Sadia Hassan: This is my first book publication and I am so incredibly proud! The New-Generations African Poets chapbook box set has been a dream publication of mine since TJ Dema and Ladan Osman and Warsan Shire published in the first set. It feels good and right to be in conversation with contemporary African poets whose work I love and whose politics I respect. Also, APBF has been championing the work of Black Muslim women in a way that no contemporary press can hold a candle to. So I’m also equally proud to be part of that legacy.

JB: I couldn’t agree more. Could you describe the process of constructing your chapbook? How did you conceive of ordering the collection?
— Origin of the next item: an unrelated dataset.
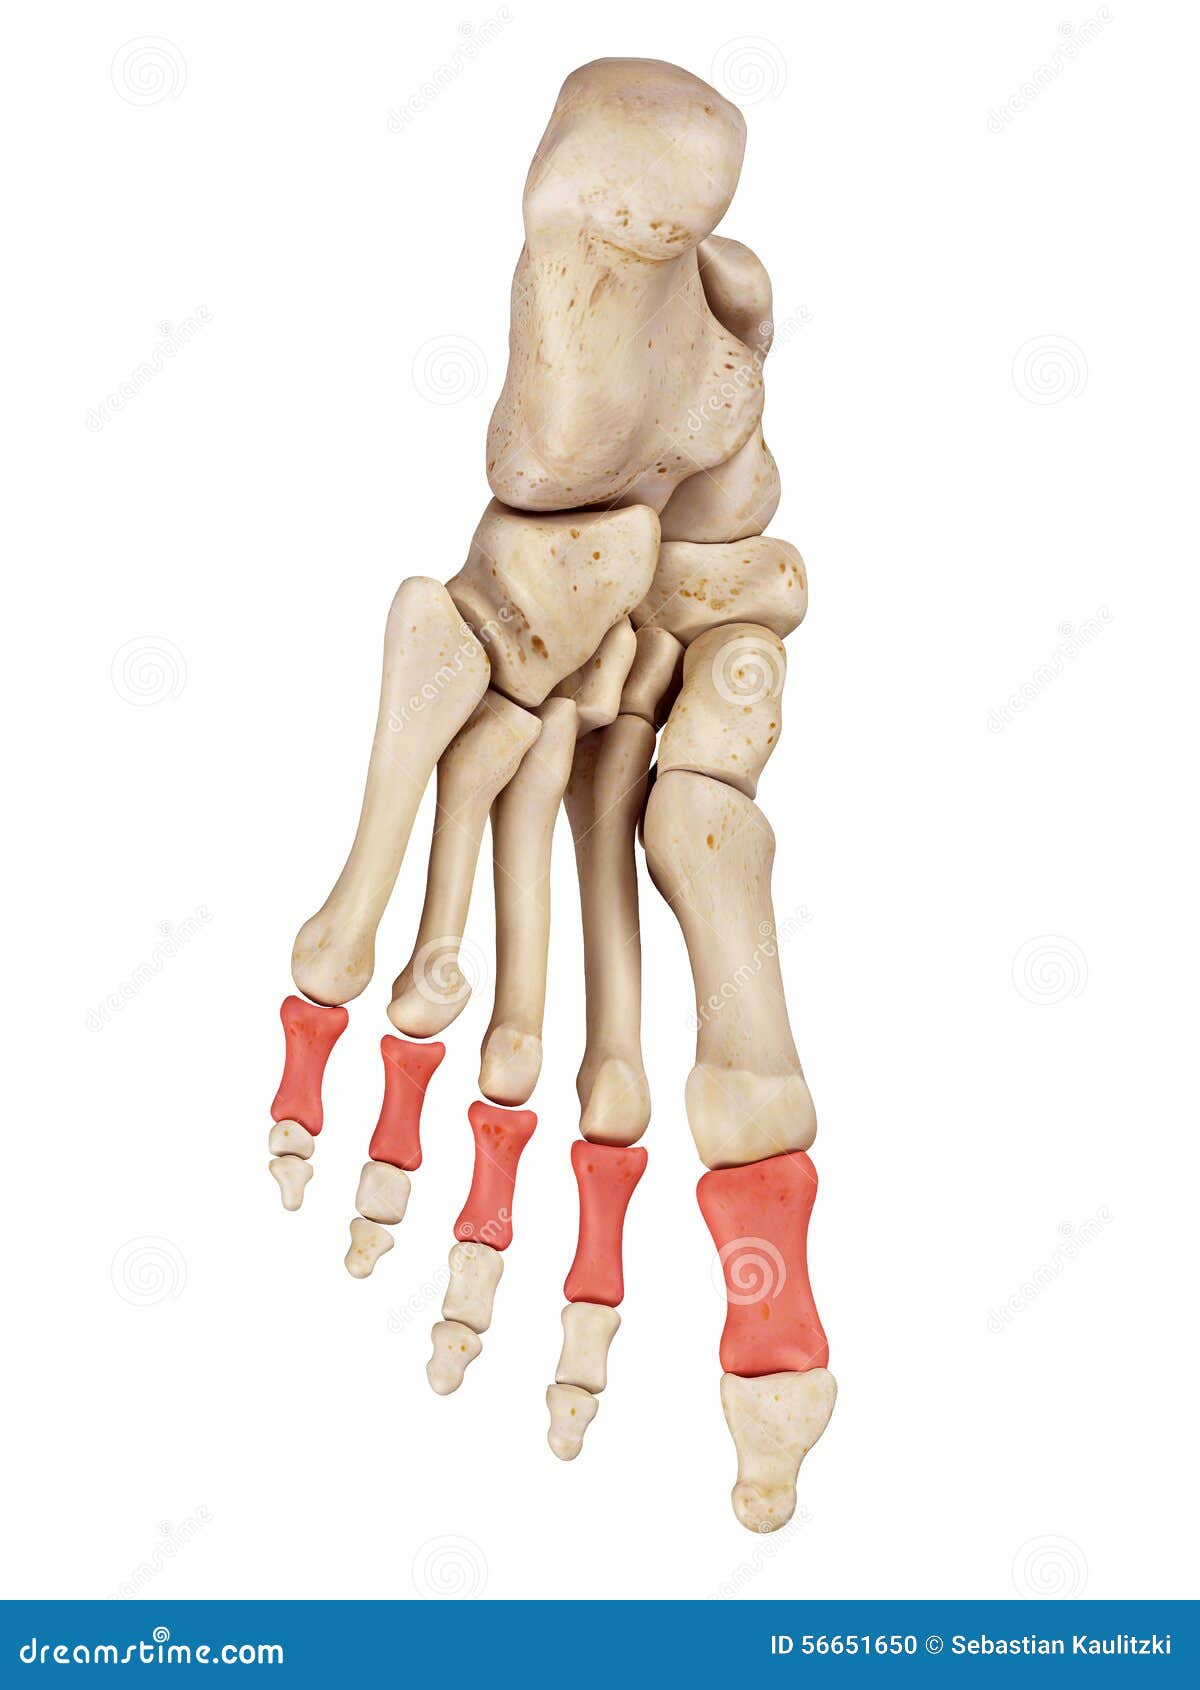 the proximal phalanx bones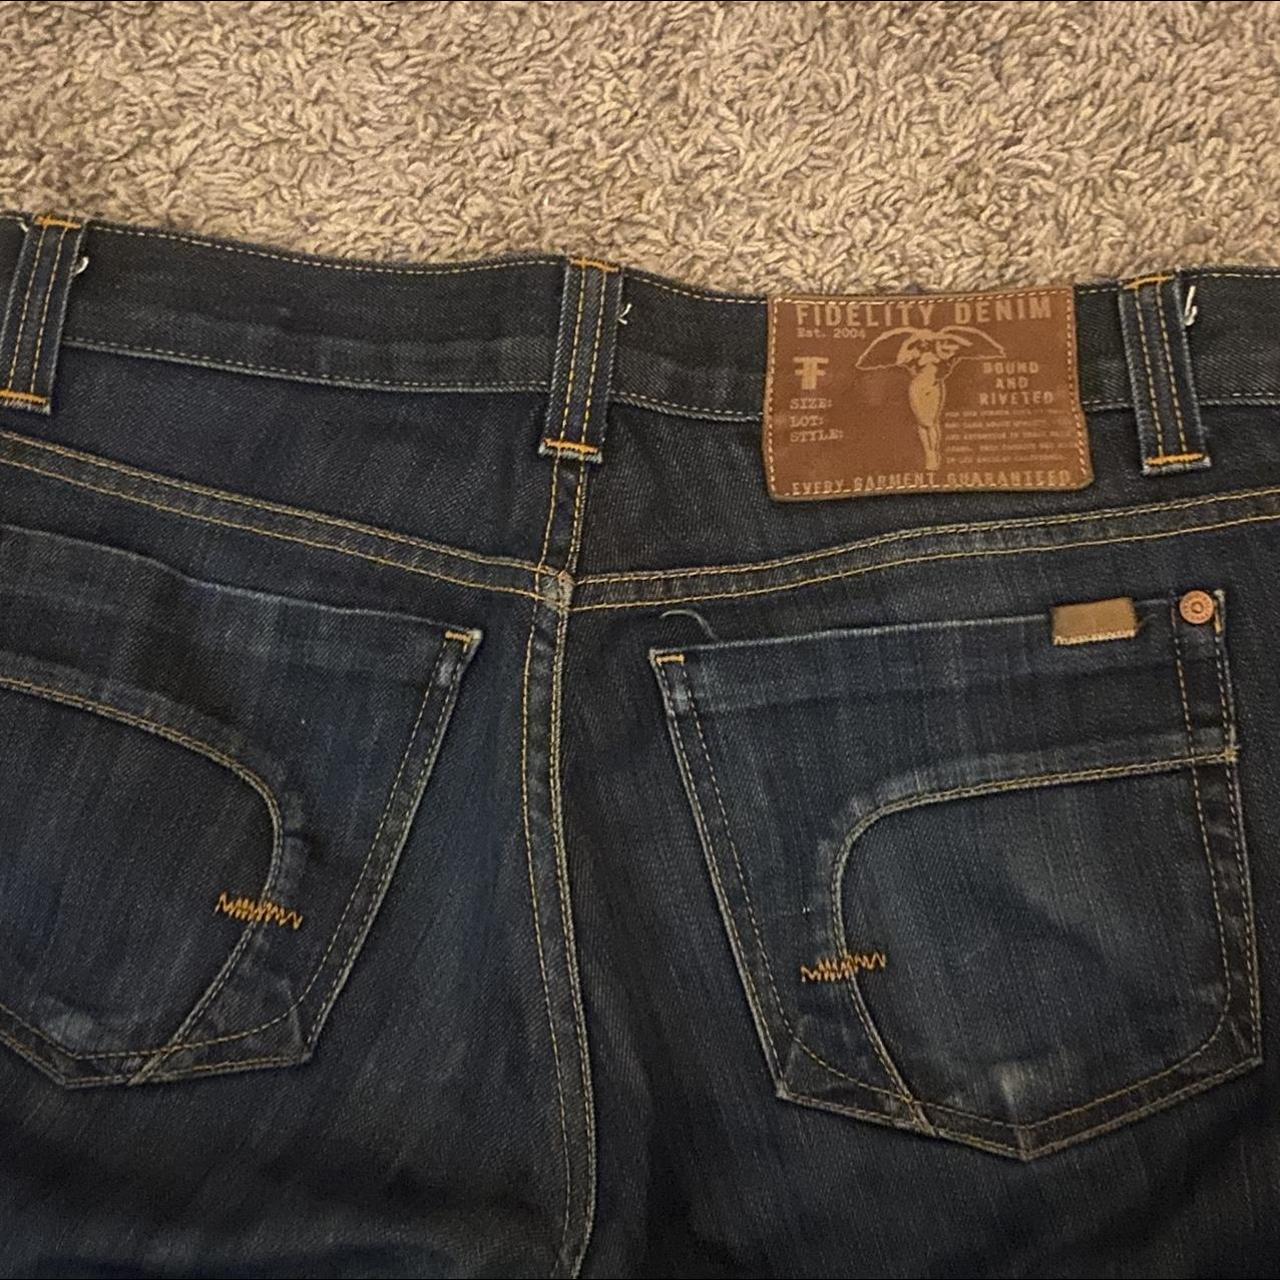 Vintage fidelity jeans - Depop

SH: The process was really involved for me. I think by the time I finally felt the order was right, there wasn’t a room in our house that wasn’t covered with books or printed-out poems. I spent a week in the living room with pages spread out so I could see which poems were best in conversation with others, either thematically or imagistically. In the end quite a few were cut, thankfully, and I reordered the remaining pieces with a sense of movement in mind. We move from physical geographic spaces in the beginning of the chapbook (Garissa, my family’s first apartment in America) to a few different emotional and psychological spaces in the middle (fear, grief, praise) and finally end in a political space (my father’s obsession with Michelle Obama, Saturday morning cartoons as an allegory for the *rump presidency). The poems felt held together by a kind of emotional resonance that was sticky and transferred from poem to poem, so that was kind of cool.
JB: Oh, I love that you use the word “sticky.” From my own experience with ordering a manuscript, that feels accurate. Tell me, did you notice poetic tics once you’d put the poems together? How did you decide which tics were fruitful (interesting in that they accrued throughout the collection in a meaningful way) and which were not?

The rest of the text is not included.